Thank you Senator Cornyn for mentioning my book and me in your remarks at NAMI’s convention

(7-3-17) NAMI’s national convention always is inspiring and educational and this year’s certainly set a high bar last week in Washington D.C.. 

I was especially grateful to see my friend, Mark Gale, received the Sam Cochran Criminal Justice Award, for his tireless efforts to improve how the criminal justice system interacts in California with individuals with mental illnesses. Mark and I first met when my book first was published in 2007 as two dads seeking answers and I have enjoyed watching him become a powerful advocate for Crisis Intervention Team training and justice reforms in California.

It’s always wonderful to see good friends and fellow advocates at the convention, especially Dr. Fred Frese and Penny, who have done so much for our cause. Hats off to NAMI CEO Mary Giliberti and especially Ron Honberg whom I believe oversaw at least three or four workshops each day.

I also appreciated getting a complimentary shout out from U.S. Senator John Cornyn during his Thursday morning convention appearance. He was kind enough to mentioned how my book helped him better understand the need to end the inappropriate incarceration of individuals with mental illnesses. Ironically, I was not in the audience because I was working behind the scenes hoping to persuade Virginia Governor Terry McAuliffe to stop the execution this coming Thursday night of a condemned man with a severe mental illness. 

Although the election of  five new board members is over, this year’s candidate’s speeches were especially exceptional so I’ve decided to post one per day this week to give those of you who couldn’t attend a chance to read them. First up is Adrienne Kennedy from Texas, who was re-elected to the board, and is someone whom I greatly admire.) 

Adrienne Kennedy

When I found NAMI in 2005, our son and our family had logged 6 years coping with serious mental illness: five hospitalizations with three years of recovery sprinkled in between. Great engagement and great doctors: trust, treatment, recovery.

Nonetheless, illness relapse can obliterate years of progress in a sudden catastrophic neural storm: each episode more traumatic than the last. Tragically, his anosognosia went from temporary lapse of insight to intractable reality.

In time, every system failed our son.

Our family safety net was simply not enough.
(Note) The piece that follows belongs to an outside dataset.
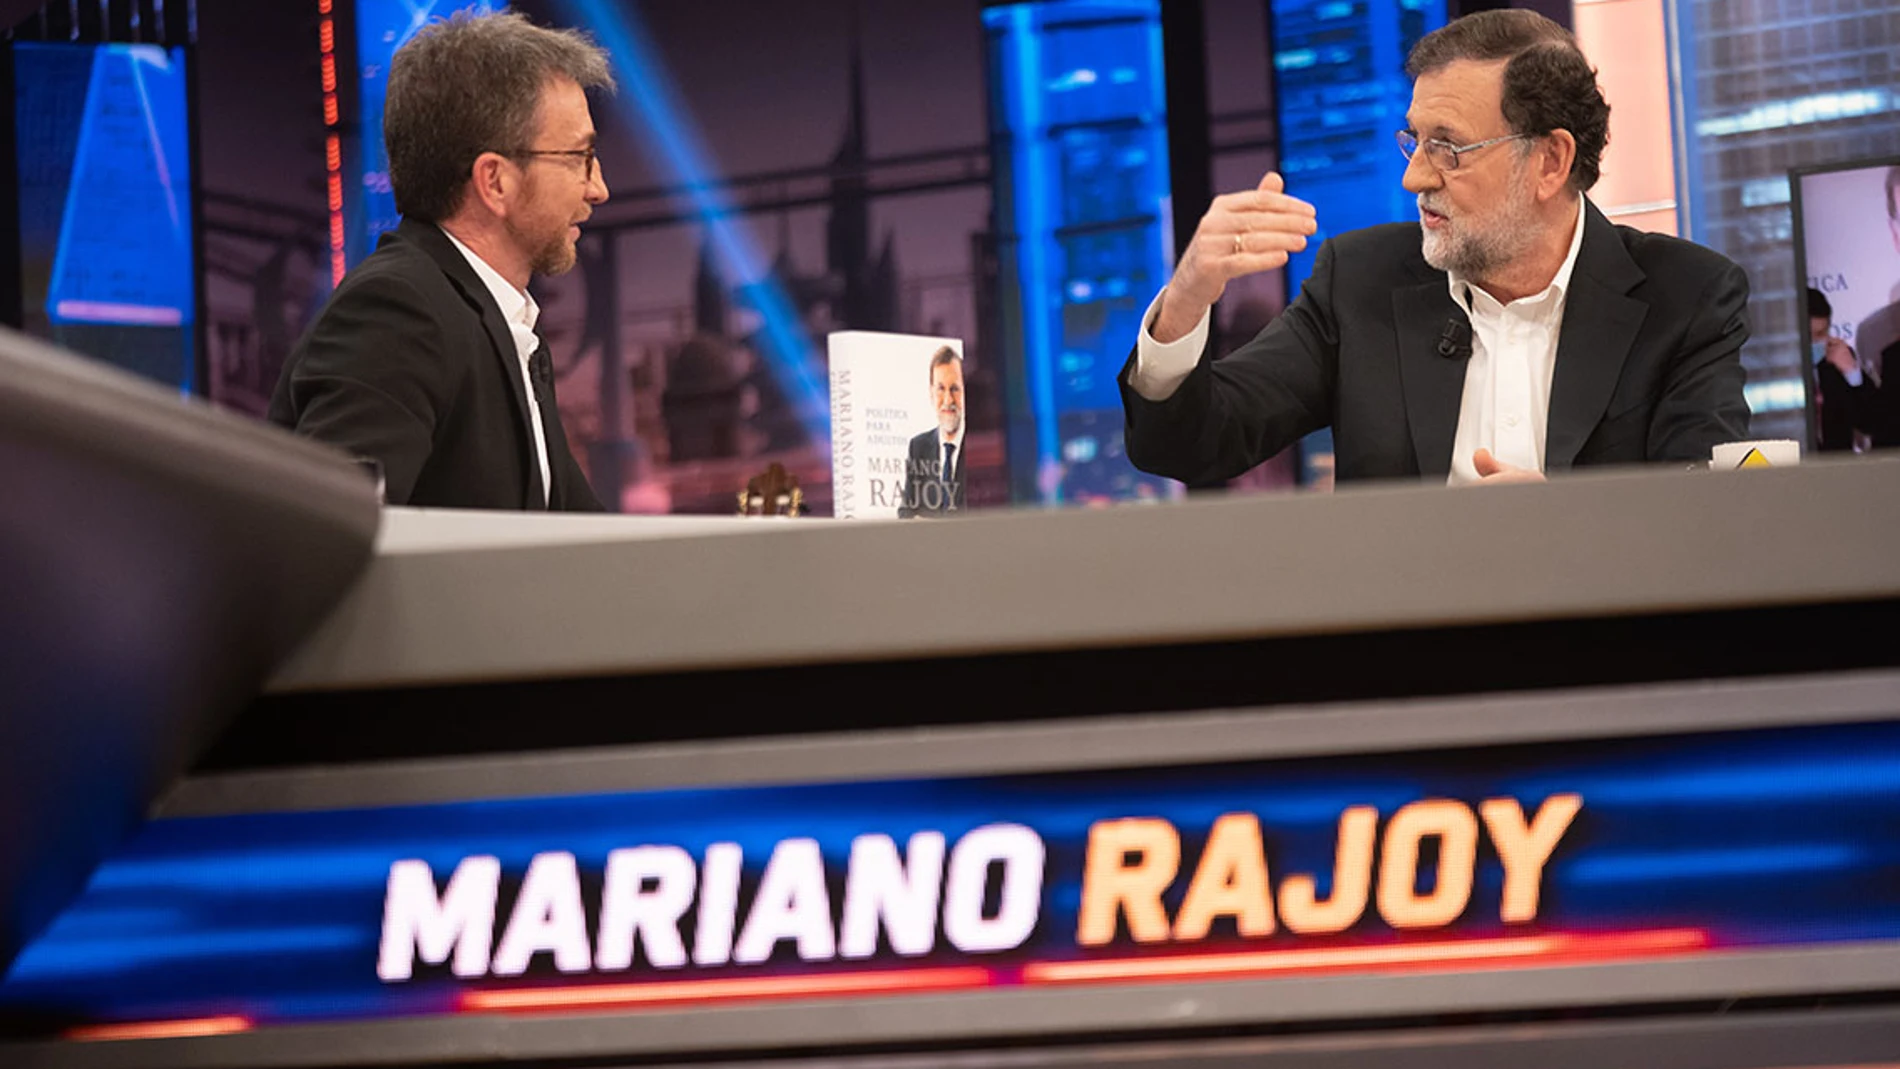 Mariano Rajoy, sobre el lenguaje inclusivo: "No tiene sentido que nos quieran imponer estas cosas"

Our love, energy, commitment, and –yes, even the NAMI of a decade ago –none of it was enough. Nothing any of us tried could pull our son back to safety. Ultimately, when the dangers he presented finally crossed into extremes, well-trained CIT officers contained the situation without harm to anyone.

In 2008, our son with serious illness, now became our son with state and federal felony charges, being held on a $185,000 bond.